Когда у Марии Николаевны родился внук, ей было около 50 лет. Отсияла самая блестящая полоса творчества, отгорела личная жизнь с ее сложностями и страданиями. Та тяжелая и дорогая ноша, которую она несла много лет, – ноша интенсивного творчества и глубоких внутренних переживаний – исчезла… И руки на время точно остались пустыми. В эти руки жизнь вдруг вложила ребенка, и, как часто бывает, с появлением внука точно расцвело новое материнство, при этом как-то теплее, выразительнее, чем первое. Заботам о собственном ребенке слишком много стояло на пути: загроможденность жизни театром, отсутствие времени… А теперь уже было время и входить во все мелочи и нужды подрастающего ребенка и выбирать ему тщательно одежду, игры, позже – перечитывать книги специально, чтобы решить, можно ли ему их читать. Все свободное время она проводила с ним, брала его за границу с собой. Когда ездила без него, то писала: «Здесь прогулки как раз были бы для него, горы не слишком большие», или: «Тут совсем город, ему было бы нехорошо». Ждала о нем или от него писем с волнением и тревожилась, если дня три их не было. «Ах, поскорее бы вы приехали», – вырывается у нее, но тут же она спешит по своей деликатности прибавить: «Ну, да это я так…». Его детские письма она все до одного сберегла, начиная с первого, написанного почти неразборчивыми каракулями и содержащего неожиданное известие: «Милая бабушка, я в Новой Гвинее», и сообщение о том, что «по пути была страшная буря, волны заливали корабль», но что в Гвинее очень хорошо, он поймал слона, леопарда, тапира и гремучую змею, а няня Васильевна целует.

Когда в какой-то торжественный спектакль его не взяли в театр и он прислал ей за сцену самодельный венок, – она пишет ему с нежностью: «Милый мой, дорогой Коля, какой ты хороший подарок мне прислал. Как я была рада, что ты не забыл свою бабушку, которая тебя так любит. Много у меня было цветов и венков, но твой был лучше всех. Все его смотрели и очень радовались, что у меня такой дорогой внученок. Твой венок висит у меня в уборной на зеркале, и я всегда буду на него любоваться. Крепко целую вашу дорогую и милую мордашечку и очень вас люблю. Благодарю тебя, голубчик».

Она постоянно читала ему вслух, старалась руководить его чтением, больше, чем кому-либо, высказывала свои собственные мысли о литературе, писала письма и часто писала ему шутливые стихи. Эти стихи давали ей возможность как-то проявить таившееся в ней чувство юмора. Она ценила его и в людях и в писателях, – недаром она так любила Диккенса, Гоголя и даже Доде с его «Тартареном». Мария Николаевна любила самые невинные, детские анекдоты, при условии, чтобы в них не было ничего сального. Я не люблю анекдотов и не умею запоминать их, но всегда, если слышала что-нибудь смешное, старалась запомнить, даже записывала для Марии Николаевны, за что меня всегда вознаграждал ее смех. Смех Марии Николаевны бывал таким неожиданным и радовавшим в ее обычной отрешенности от окружающего мира. Смех ее был почти беззвучен, с заливом и короток, но иногда даже слезы набегали у нее на глаза. И всегда заново поражало выражение смеха на ее лице – обычно таком трагически-задумчивом, и всегда казалось, что она что-то прекрасное вам подарила.
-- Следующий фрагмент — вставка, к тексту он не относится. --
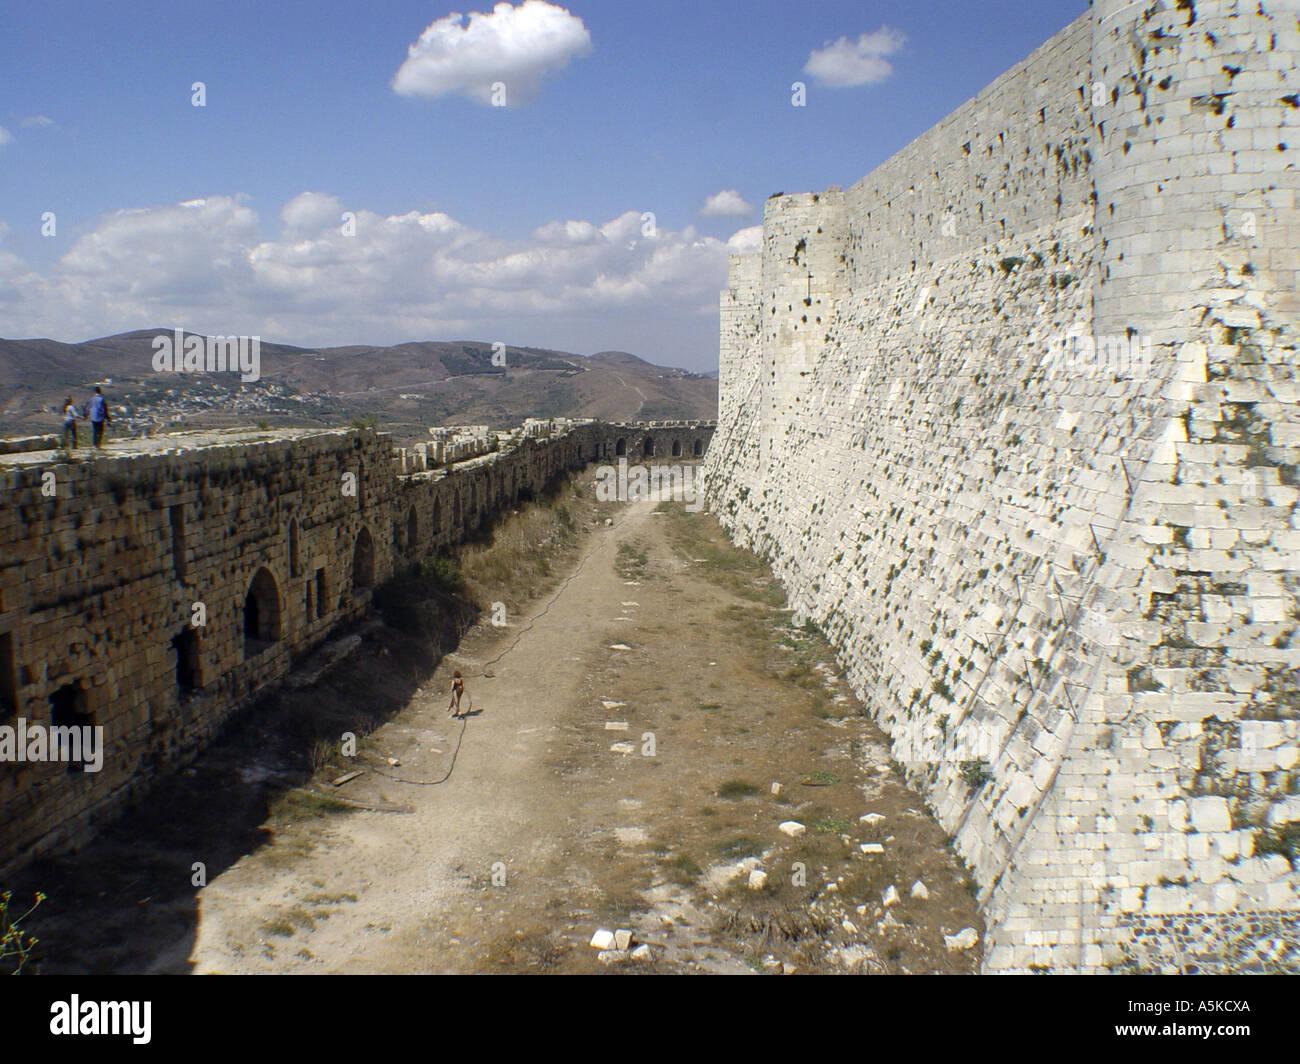 Crac des Chevaliers crusander castle in syria - Stock Image

Юмористические стихи давали выход для чувства юмора, которого, как отдыха и переключения, требовало все ее существо, слишком напряженное мыслью и страданием на сцене.

Вот несколько образчиков этого своеобразного «творчества» Марии Николаевны. Помню дождливые дни в деревне, когда мы с мужем жили там. Она торжественно принесла свое произведение: она нетерпимо относилась к дождю и к холоду, почти все ее шутливые стихи и письма говорят о погоде. Запомнилась мне ее величественная фигура, подходящая к барометру, и нервно постукивавшая, чтобы посмотреть, куда он идет.